▶ REQUIRED WORK: Set down a true copy of the data, with all pictures left out.

▶ EXERCISE DATA:
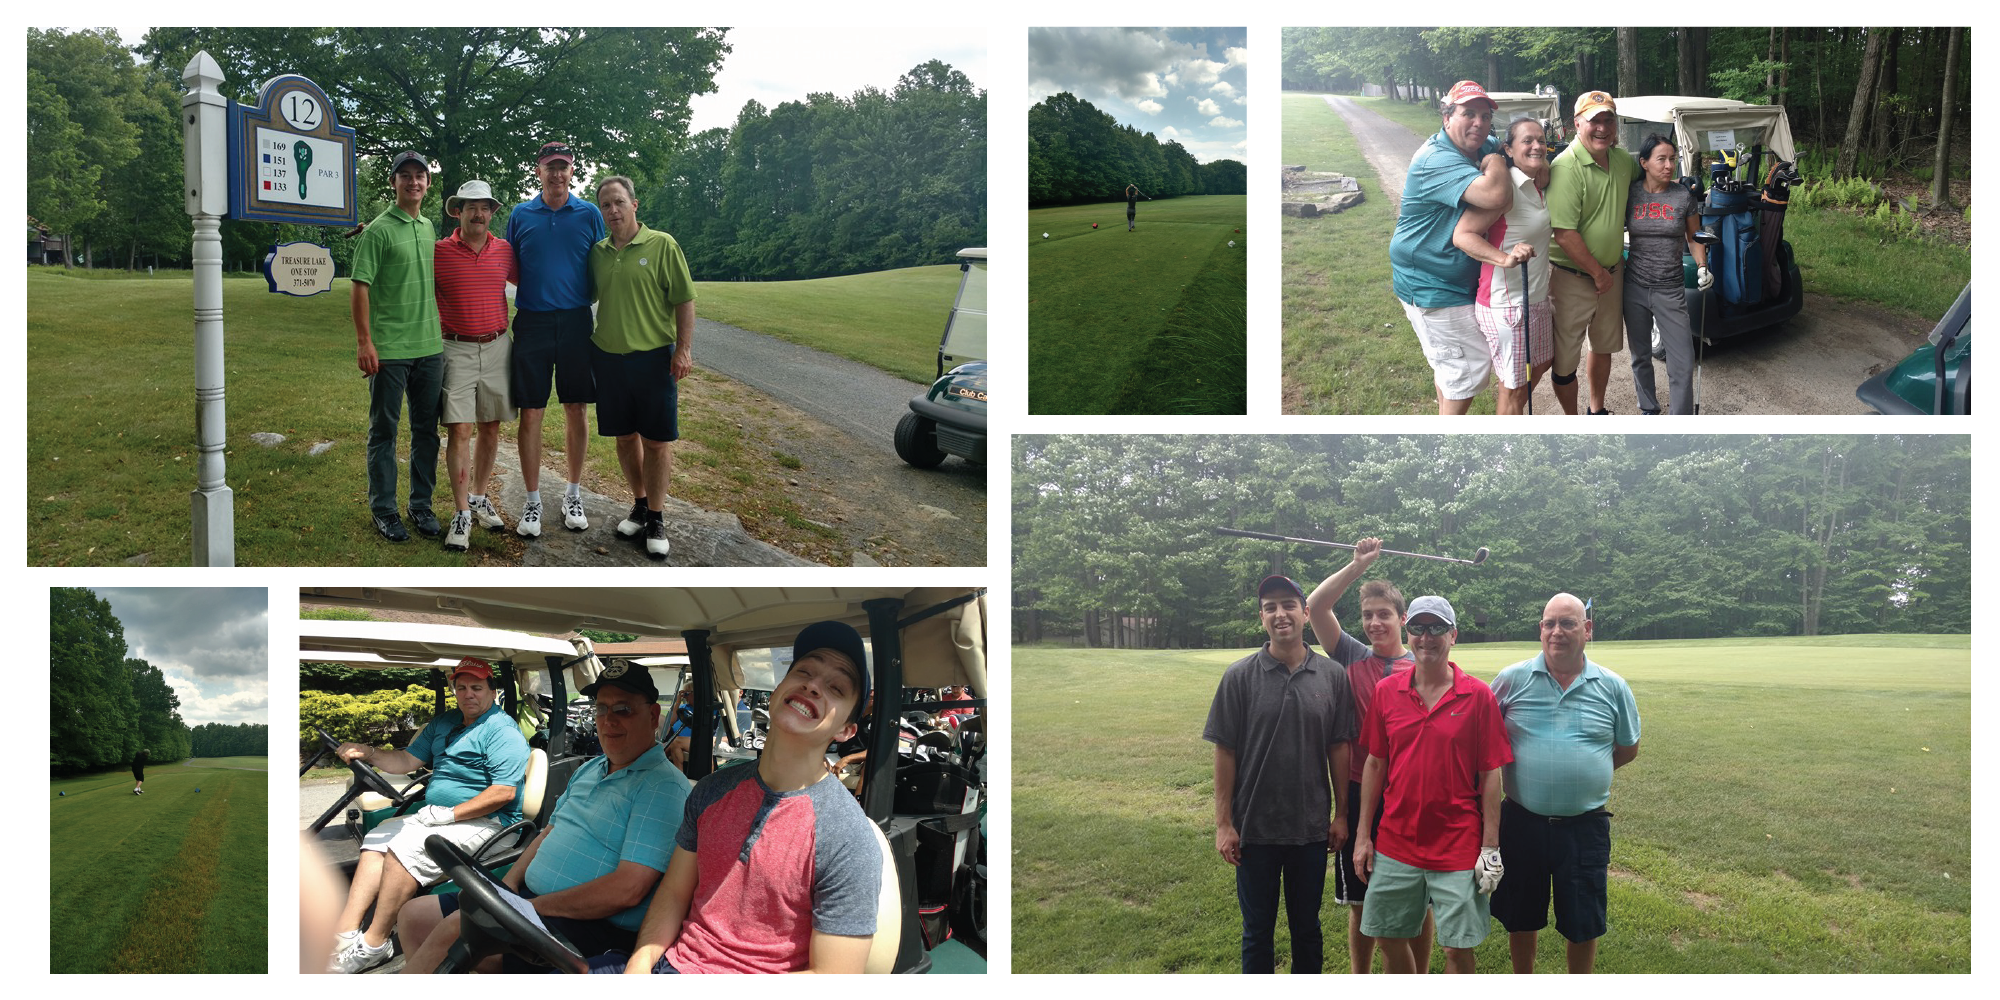 2nd Annual Mark Vrahas Foundation Golf Outing & Picnic
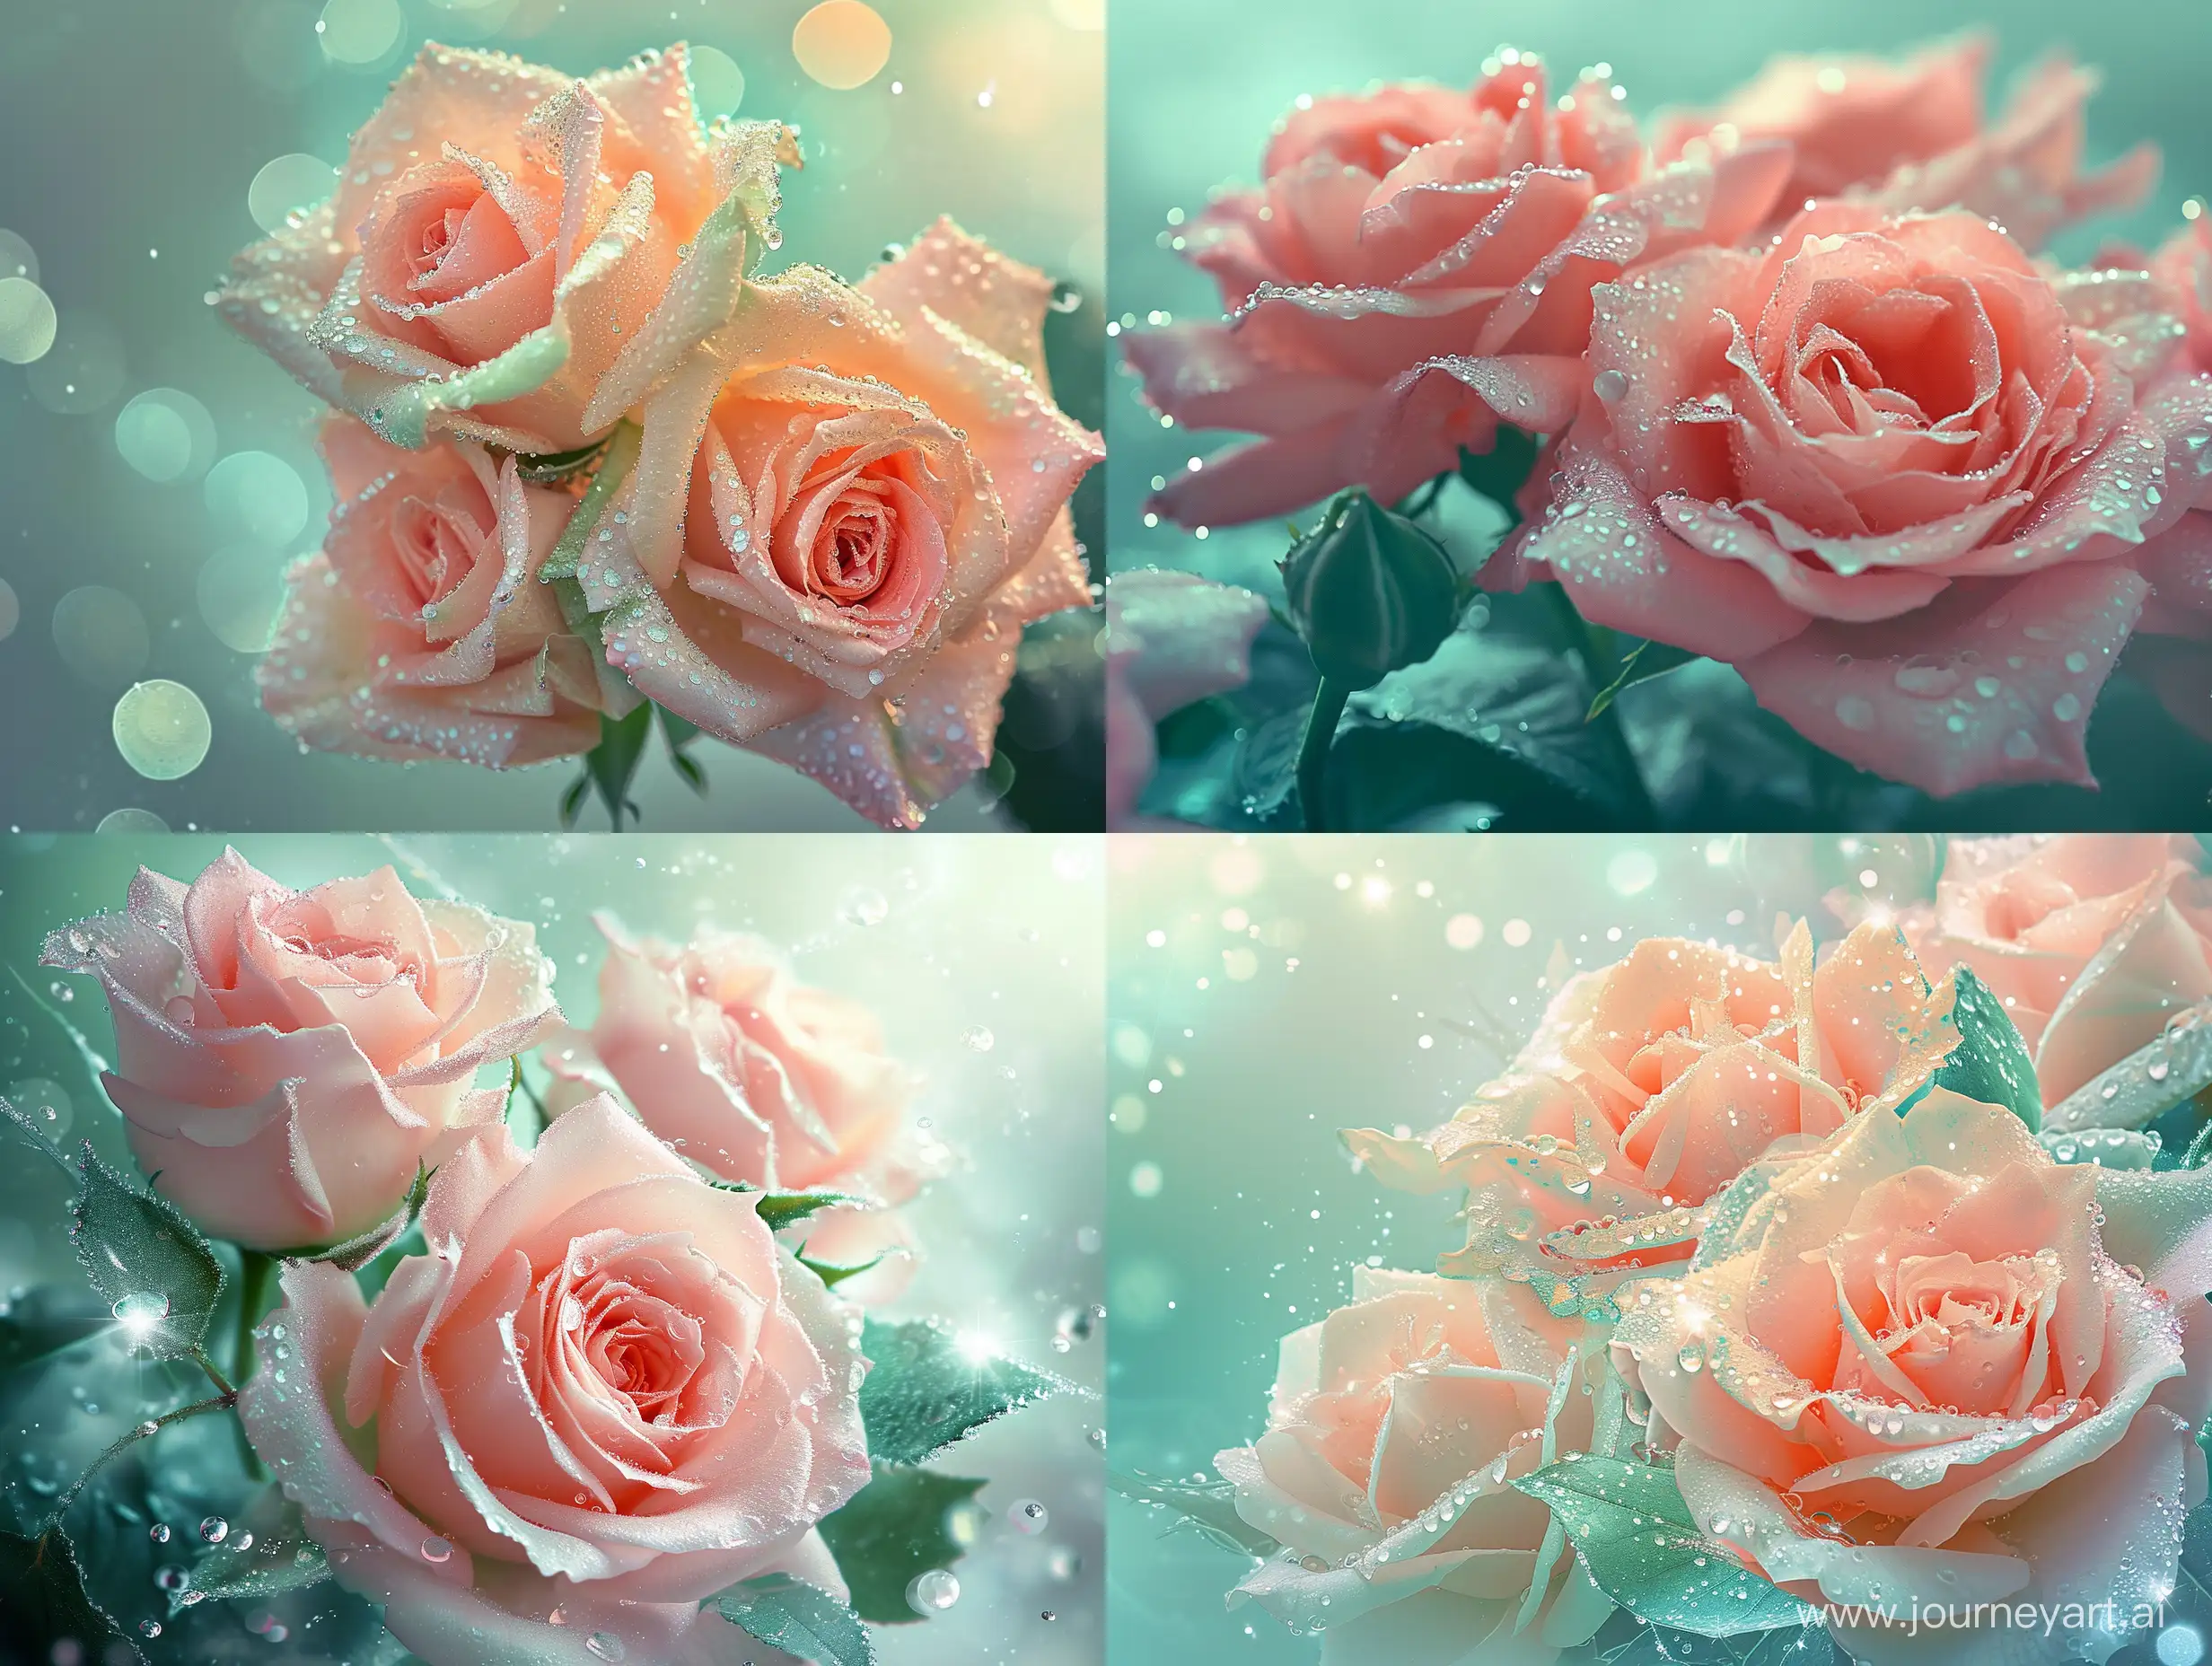 Enchanting-Minty-Rose-Bouquet-with-Sparkling-Dewdrops-at-Dawn
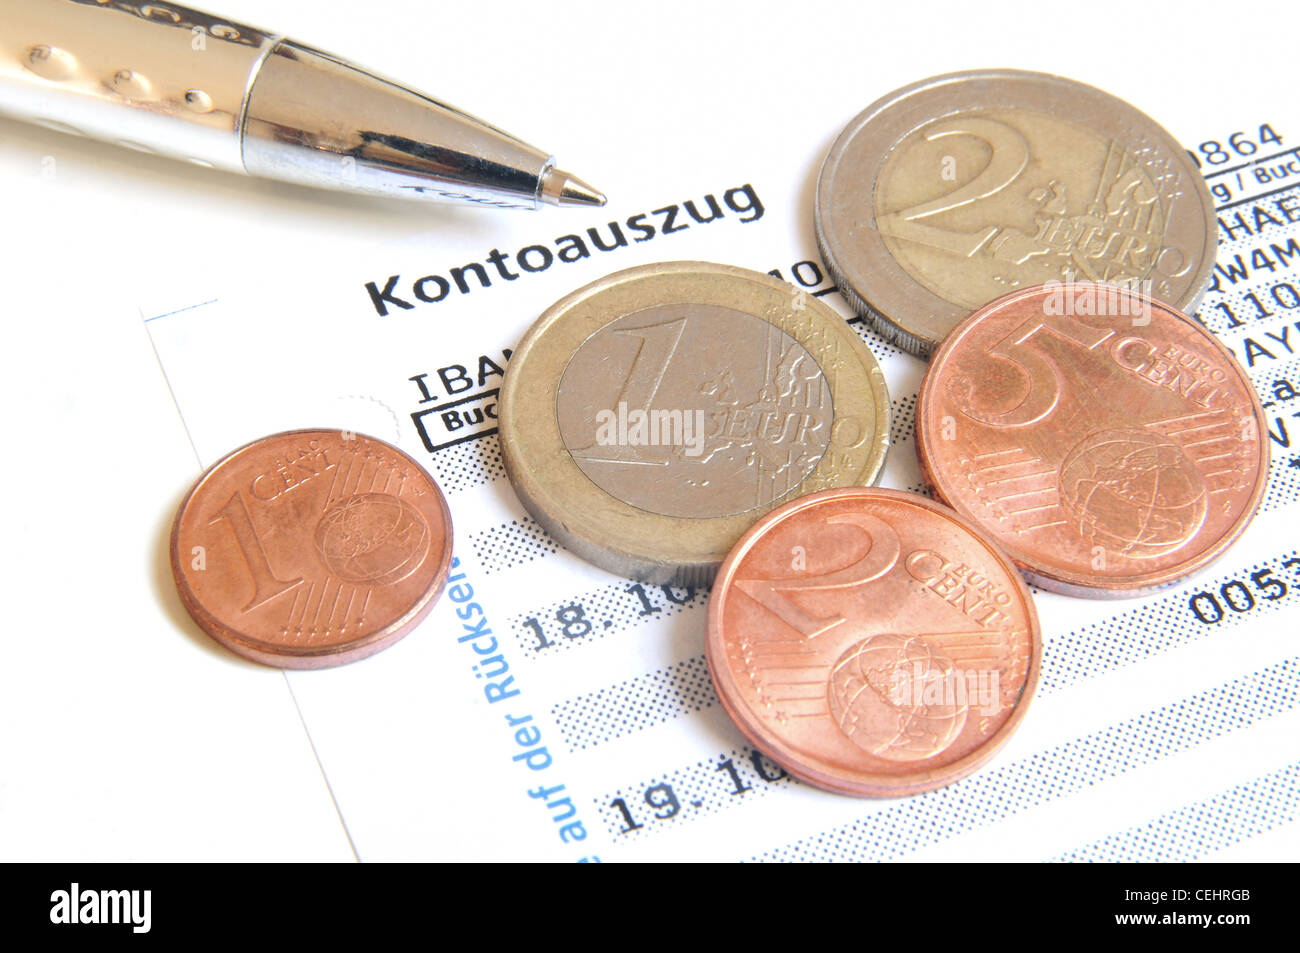 Euro coins and ball pen on top of a bank statement Stock Photo

▶ RESPONSE TO THE EXERCISE:
 2nd Annual Mark Vrahas Foundation Golf Outing & Picnic
 Enchanting-Minty-Rose-Bouquet-with-Sparkling-Dewdrops-at-Dawn
 Euro coins and ball pen on top of a bank statement Stock Photo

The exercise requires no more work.